Я бездарен, безусловно и абсолютно бездарен. Он, мой учитель, как-то выразился обо мне так:
— Убедительно неталантлив…
Точнее трудно было бы придумать. Так оно и есть — убедительно неталантлив. Правда, исполнителен, прилежен, эти два качества, как известно; всегда сопутствуют бездарности. Истинный талант более непоседлив, а зачастую даже ленив, хотя Жюль Ренар считает иначе: гении — это волы, работающие день и ночь. Но, как бы там ни было, я — надежная посредственность, на меня всегда и во всем можно положиться. Америк не открою, ни в коем случае, талантом не блесну, никогда не щегольну каким-либо ярким исследованием, зато я ровен и устойчив, словно лед в пробирке, я та самая рука, на которую можно опереться, сознавая, что рука выдержит, не дрогнет, не подведет.

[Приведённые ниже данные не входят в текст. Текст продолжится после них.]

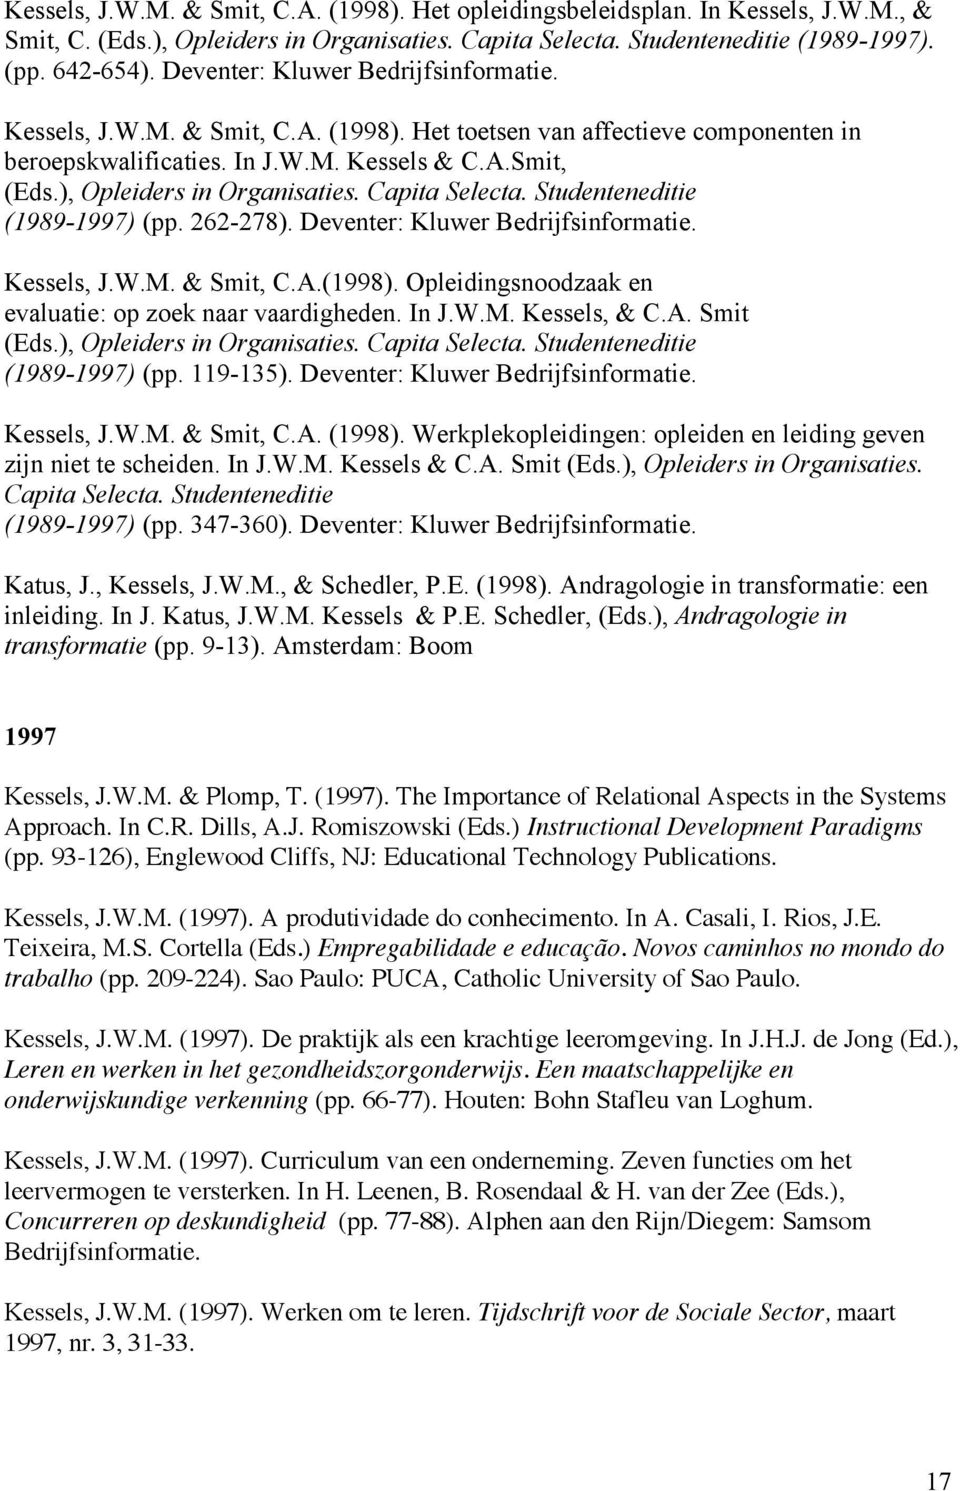 ), Opleiders in Organisaties. Capita Selecta. Studenteneditie (1989-1997) (pp. 262-278). Deventer: Kluwer Bedrijfsinformatie. Kessels, J.W.M. & Smit, C.A.(1998).

Когда-то я, окончив медицинский институт, остался в аспирантуре, при кафедре. Сам старик ходатайствовал за меня. А слово старика — это известно всем — сила. Было ему в ту пору едва ли больше сорока, но его уже все дружно звали стариком, то ли за выдающуюся его одаренность, то ли за операции, которые он уже тогда начинал практиковать, создавшие ему вполне заслуженную славу, окружившие негаснущим ореолом его короткую невыразительную фамилию.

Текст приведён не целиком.